## Assignment
Look through the data below for the line with "游泳——全国冠军赛:叶诗文获女子400米混合泳冠军" and the line with "Buy Burberry London", then transcribe exactly from the first through the second, leaving out all pictures.

## Stored data
*** Block opens ***

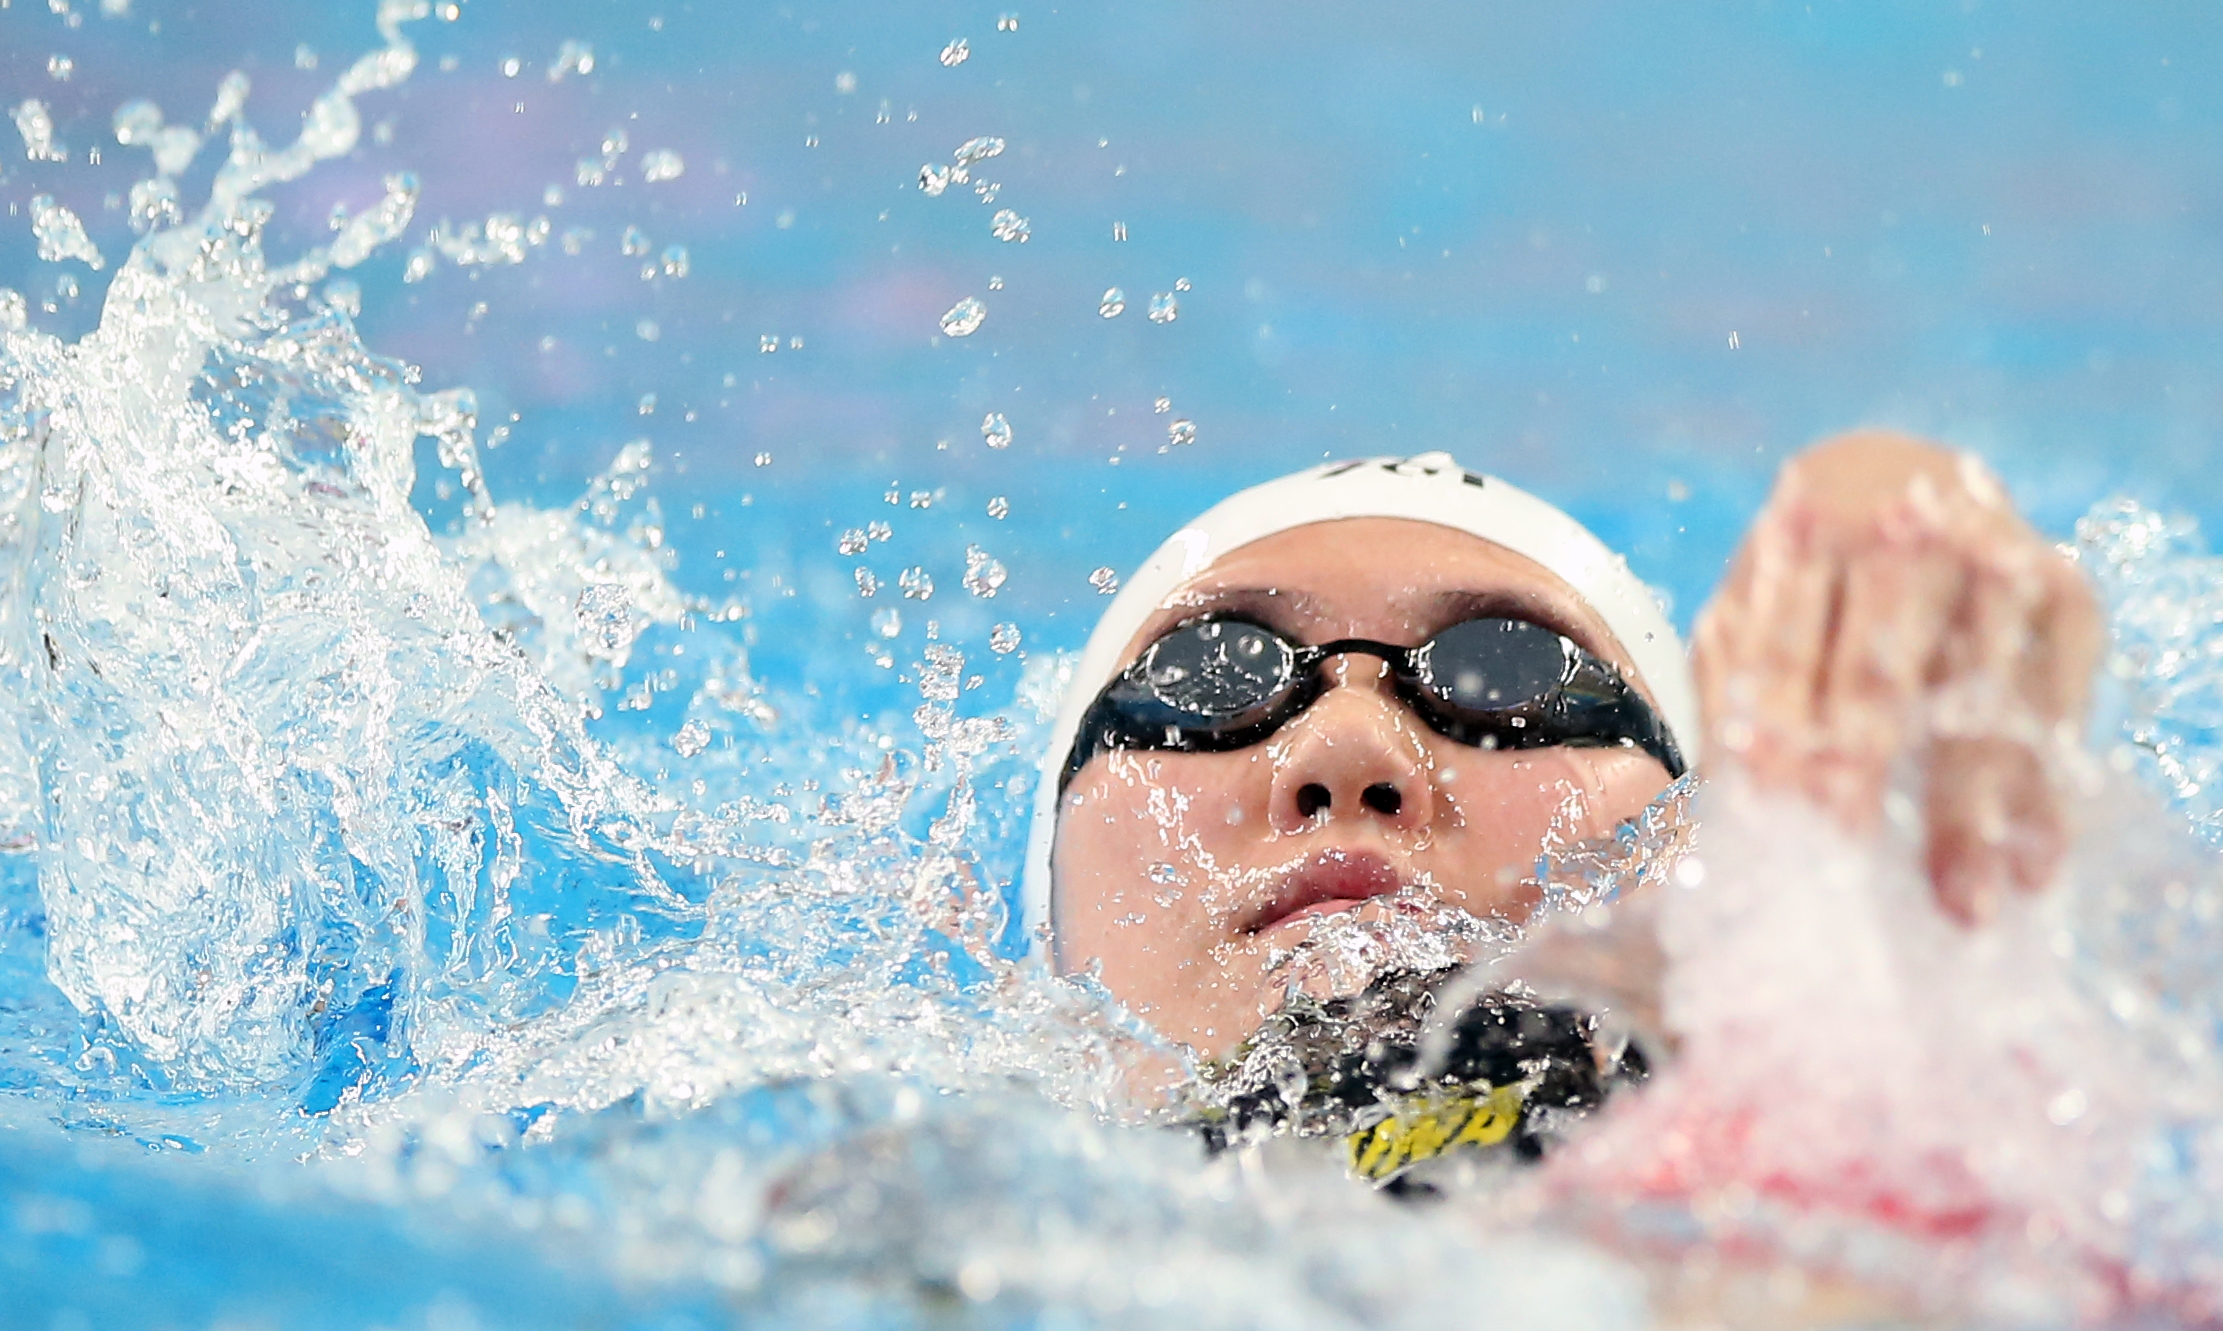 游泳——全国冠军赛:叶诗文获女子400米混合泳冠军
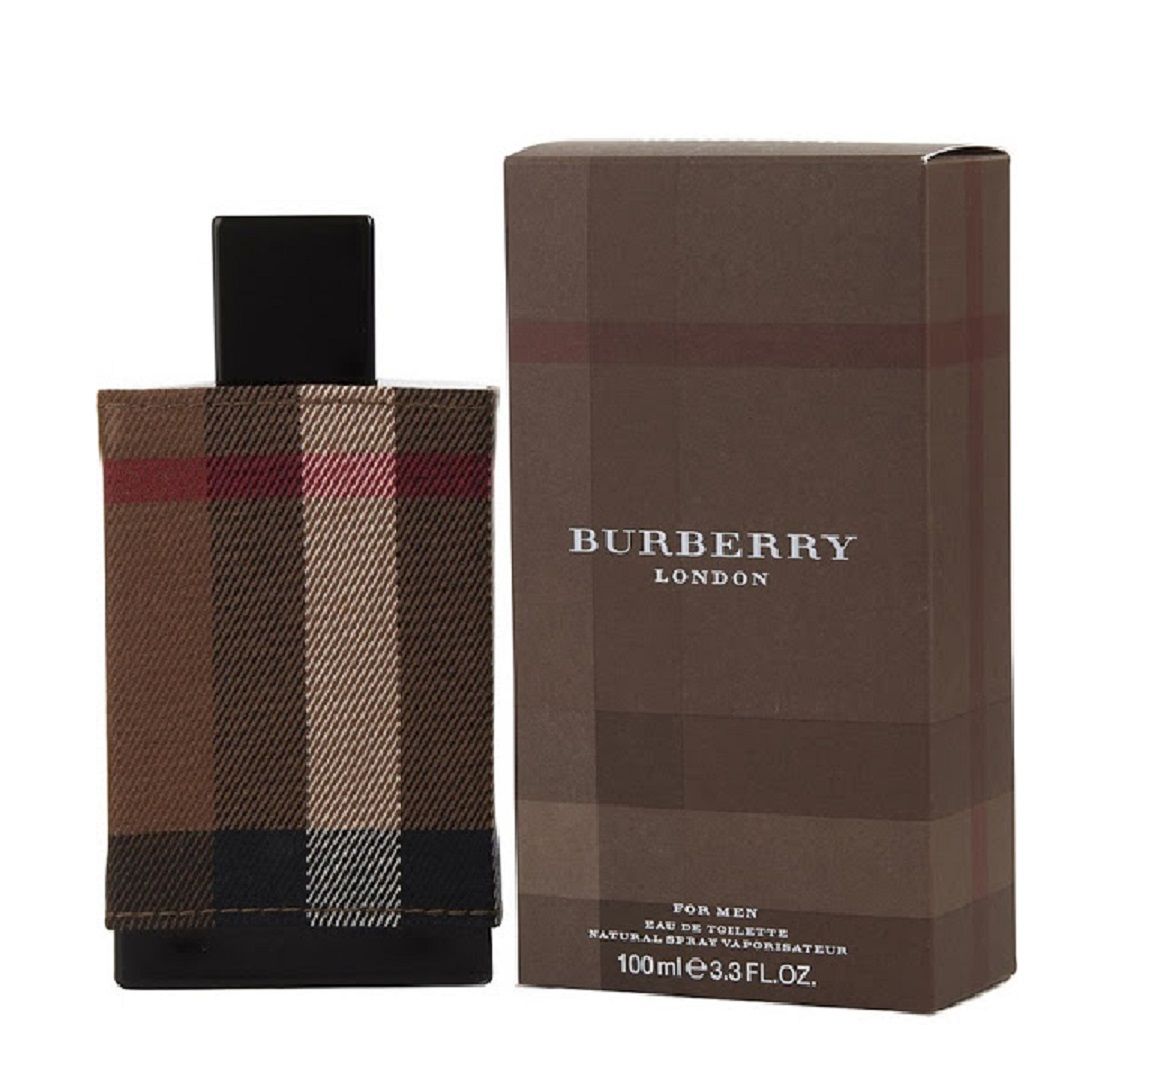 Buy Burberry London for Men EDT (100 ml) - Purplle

*** Block closes ***
*** Block opens ***

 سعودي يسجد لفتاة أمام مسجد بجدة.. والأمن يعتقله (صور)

*** Block closes ***

## Exercise response
 游泳——全国冠军赛:叶诗文获女子400米混合泳冠军
 Buy Burberry London for Men EDT (100 ml) - Purplle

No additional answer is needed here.